The whole listing, exactly as given: write it out, leaving out each image.

▶ Recorded information:
----------------------------------------
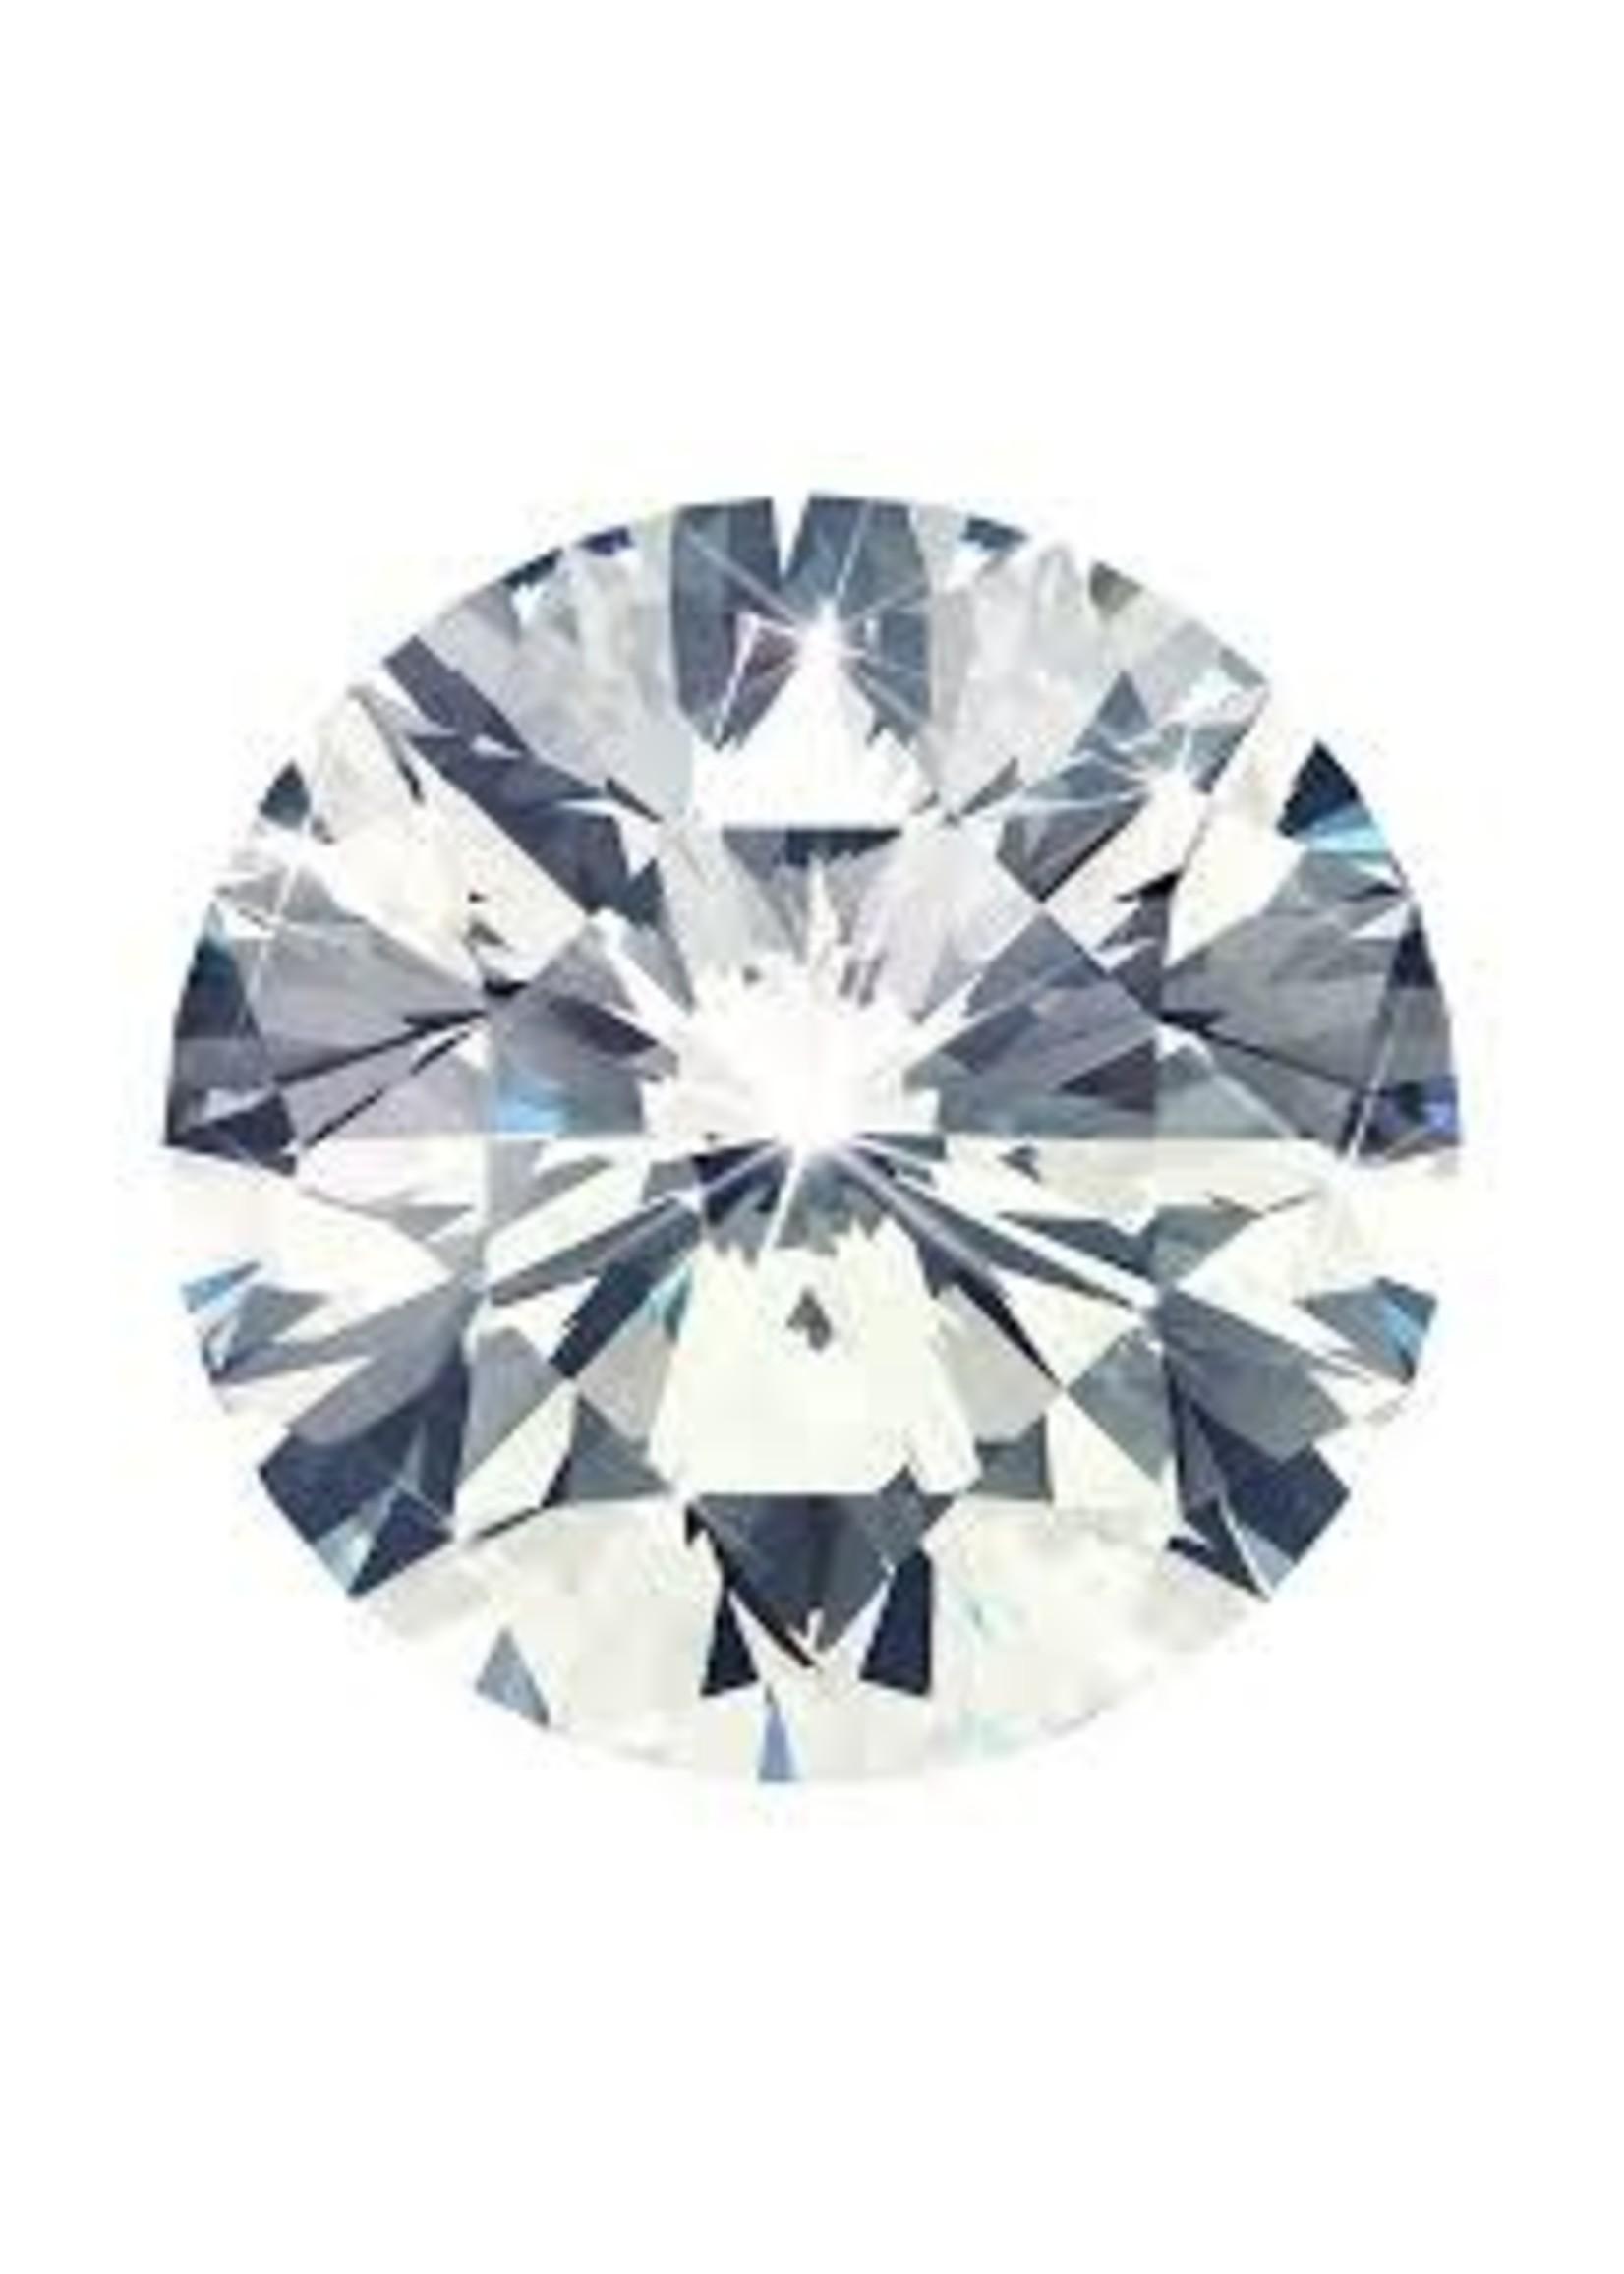 1.02CT ROUND BRILLIANT CUT DIAMOND (I-1/F/VERYGOOD)
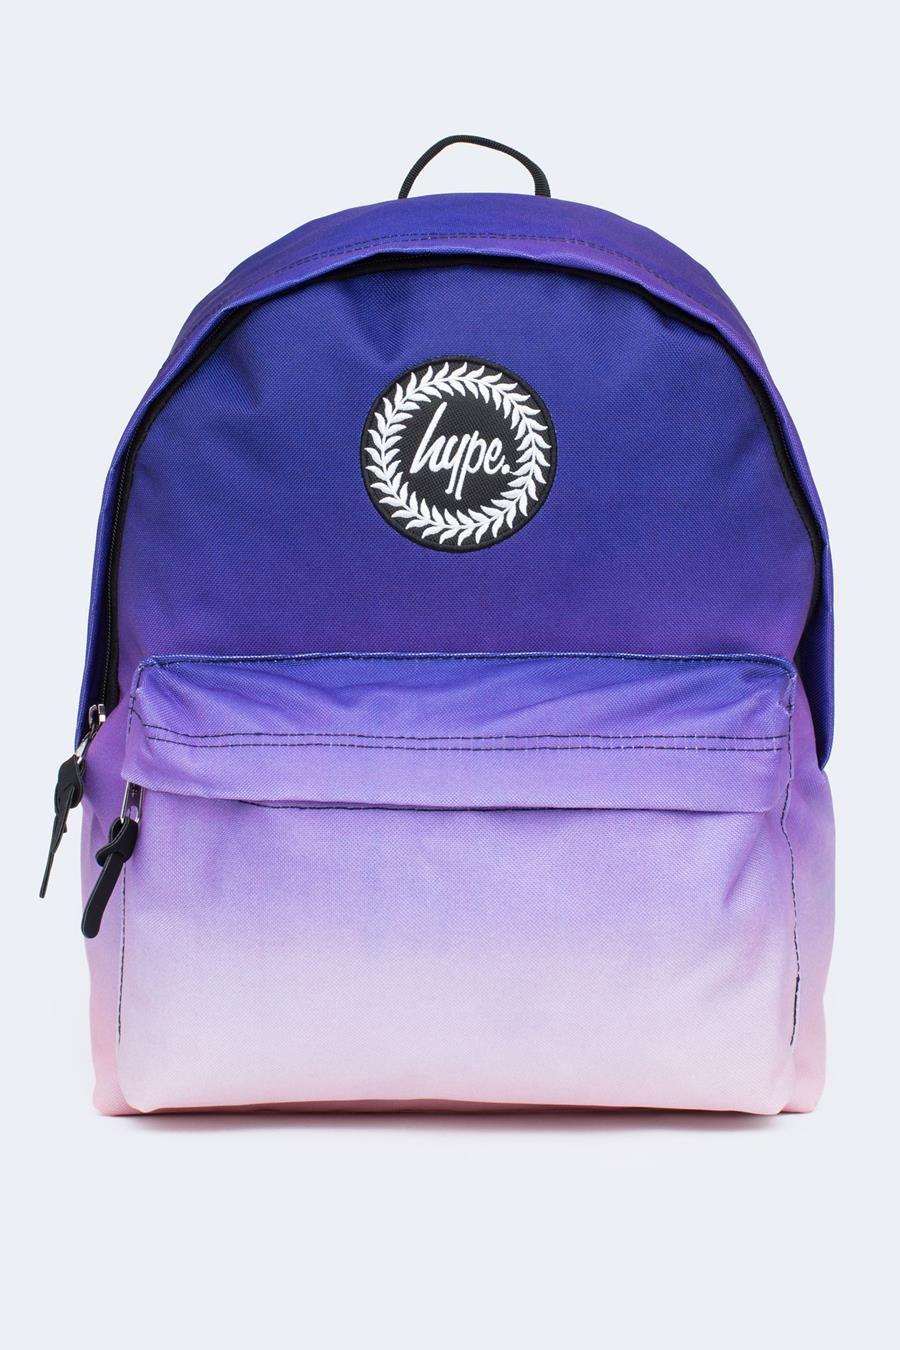 Hype Horizon Backpack Hype Bags Bags Girls Bags
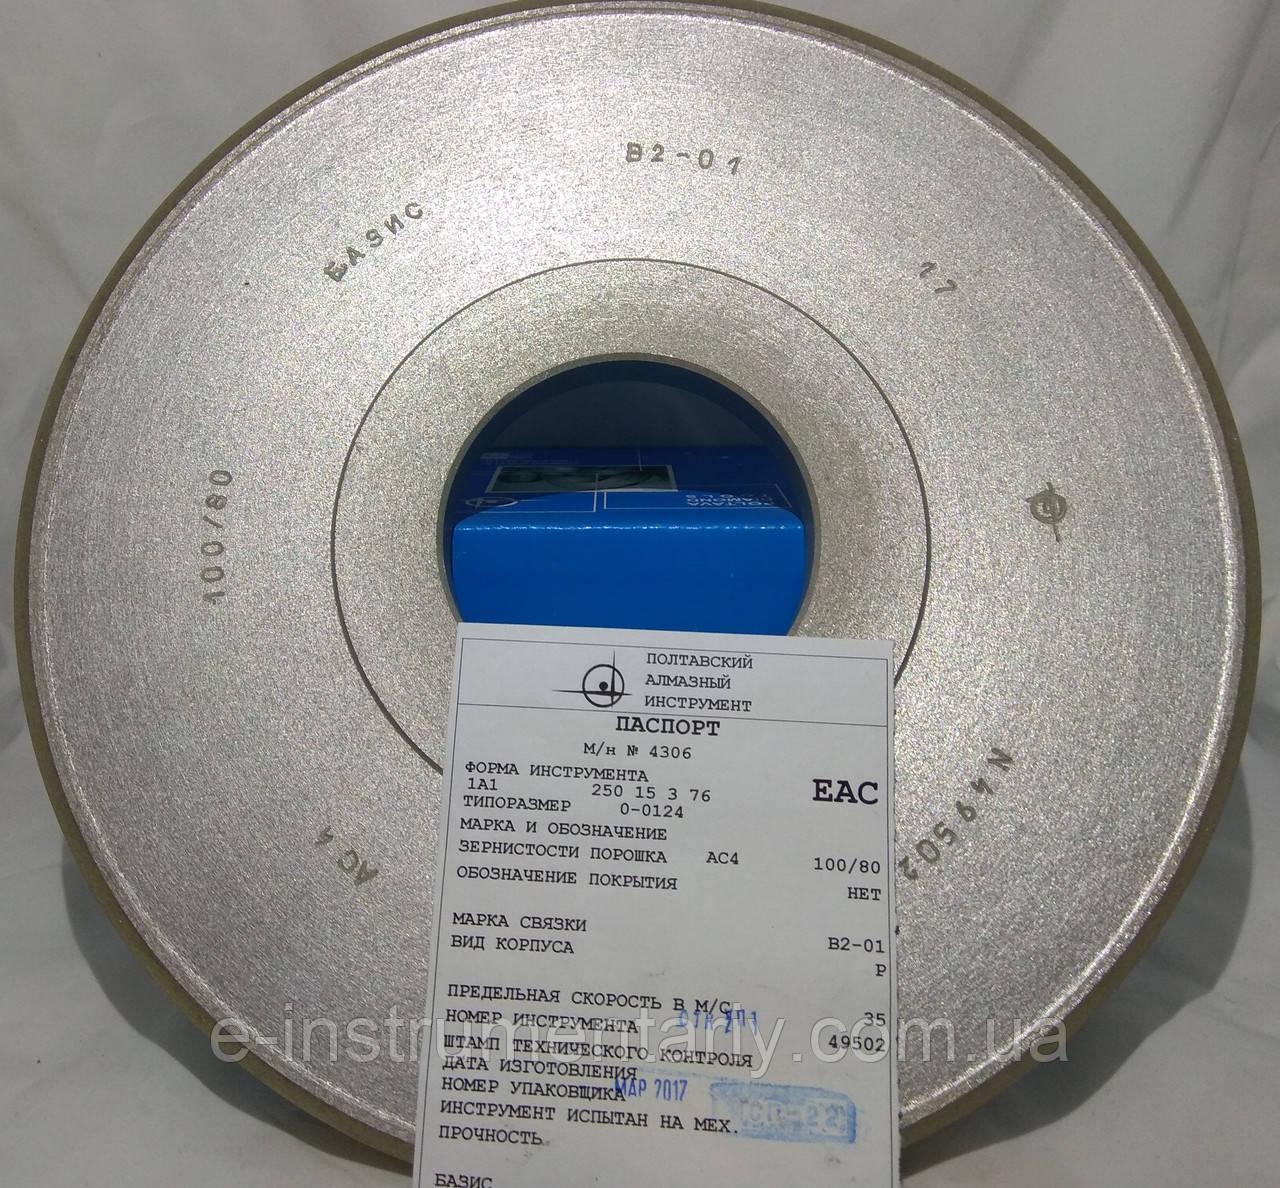 Круг алмазный прямой профиль (1А1) 250х15х3х76  Базис АС4 Связка В2-01
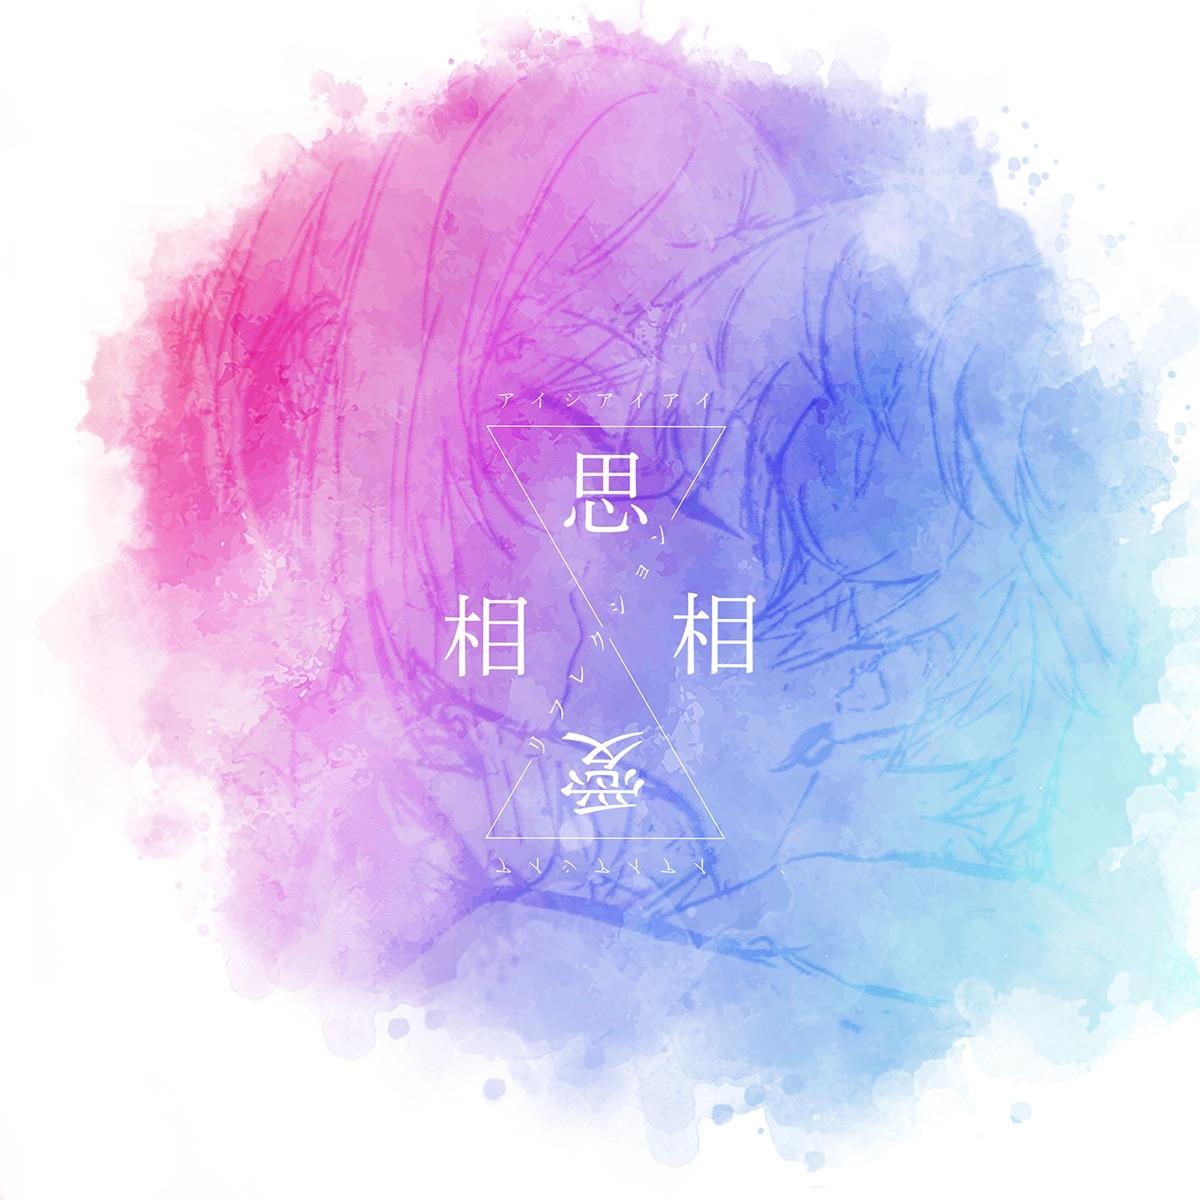 『HIMEHINA - 相思相愛リフレクション』収録の『相思相愛リフレクション』ジャケット
----------------------------------------
▶ Task output:
 1.02CT ROUND BRILLIANT CUT DIAMOND (I-1/F/VERYGOOD)
 Hype Horizon Backpack Hype Bags Bags Girls Bags
 Круг алмазный прямой профиль (1А1) 250х15х3х76  Базис АС4 Связка В2-01
 『HIMEHINA - 相思相愛リフレクション』収録の『相思相愛リフレクション』ジャケット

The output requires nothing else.